The police haven’t ...?

     —I believe there was a call from a detective this morning, I said quickly, suddenly remembering something Noelle had mentioned. But I could sense something – was it anger? – boiling up in her. —A fall, I gather? Into a ravine?

     But I have triggered an excruciating memory: her face tightens again, and more tears well up. She fumbles in her handbag for a tissue and turns away.

     —Forgive me, Madame. I am assuming she will elaborate at this point, but she does not. Instead she smudges at her eyes with the tissue, then all of a sudden blinks, pulls herself together, and changes gear, telling me that she has rented a cottage in the village, on rue de l’Angelus, and wants to start participating in Louis’ treatment. What can she do? Can she spend as much time as she wants with him? The cleaning-woman, Fatima, begins to mop the floor by our feet; we shift a little. I explain that she needs to take it easy, and let her son settle. She, too, must settle. All too often, patients’ relatives neglect themselves – which doesn’t help anyone. She needs to feel as well and happy as she can.

     —Is there any activity you particularly enjoy? Something you took pleasure in before the accident?

     —I have lots of photographs of Louis. I’ve been meaning to sort them into albums for years.

     —Perfect. And you can show them around. You’ll make friends here quickly, among the other relatives.

     She looks uneasy. —I haven’t really spoken to many people since–

     The image of Louis’ calamitous accident hangs in the air between us.

     —Time to start then, wouldn’t you say?

     —Yes, I suppose so. It’s been very isolating, the whole thing.

     —You have family? Friends?

     —My mother lives in Guadeloupe. She’s been meaning to come over, but my stepfather’s very ill with Parkinson’s.

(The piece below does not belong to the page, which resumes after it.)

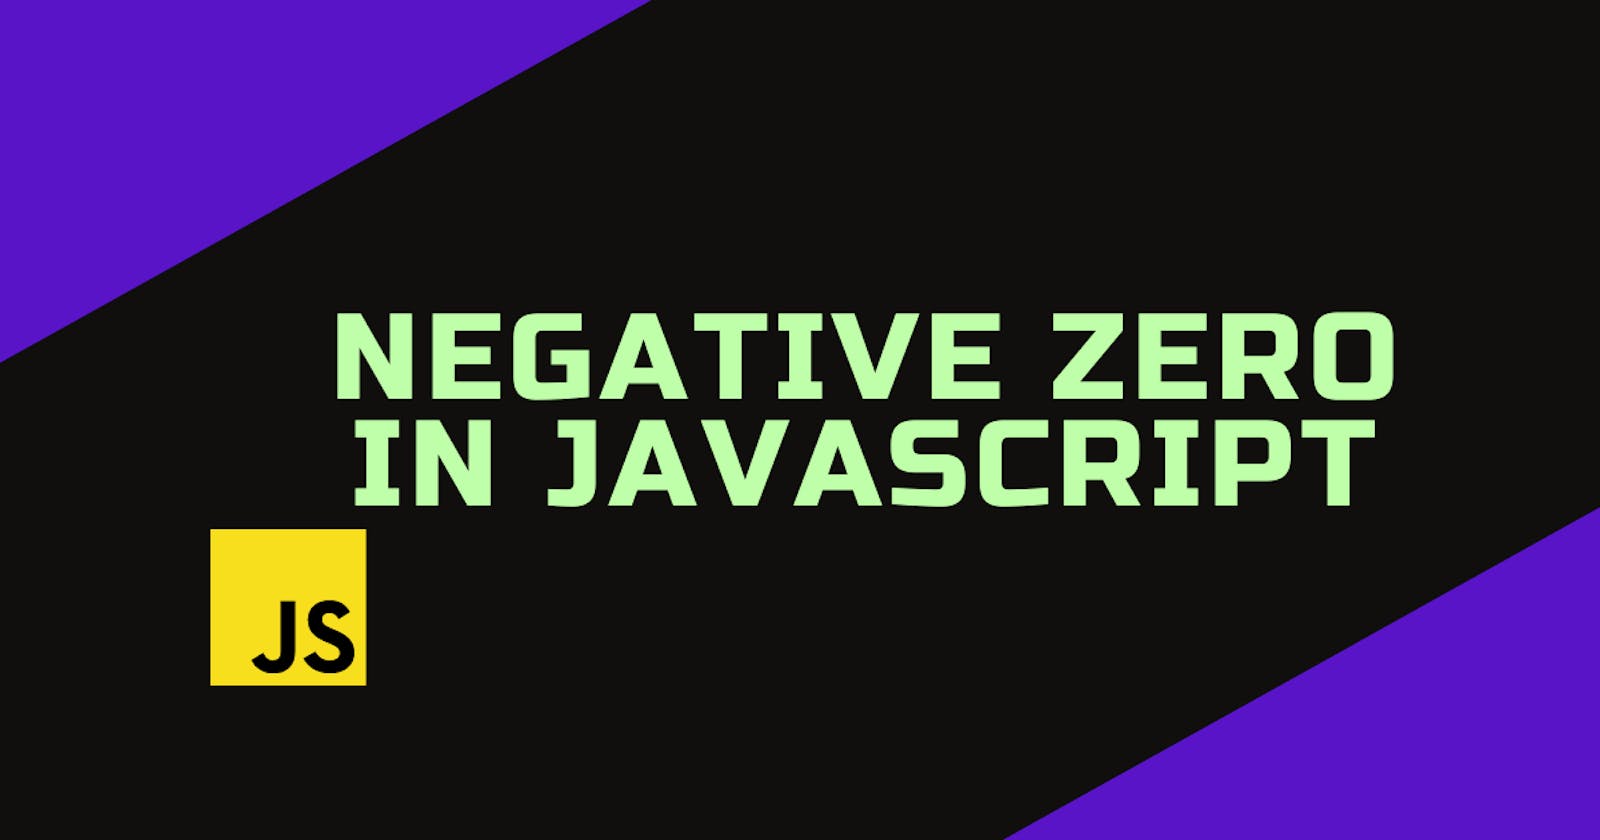 Negative zero in JavaScript

     —And there’s no one else?

     —Not really. I have a sister, but we don’t see each other. We fell out a long time ago. There is a short silence as we both ponder this. I would like to ask the reason for the estrangement, and for her husband’s absence, but don’t want to appear tactless.

     —Dr Meunier said you had a radical approach. I was glad to hear that, Dr Dannachet. Her mouth twitches again: a small muscle spasm. —Because I think Louis’ condition needs radicalism.

     I return her smile, with what I hope is humility, and give a small, self-deprecating shrug. Might a woman like Madame Drax be impressed by what she has heard of me? Swiftly, I slap the thought down, but not too soon to feel shame at my own ridiculousness. The trouble with being married to someone like Sophie is that you get daily, affectionate reminders of your own absurdity, and imagine her amused laughter in your head.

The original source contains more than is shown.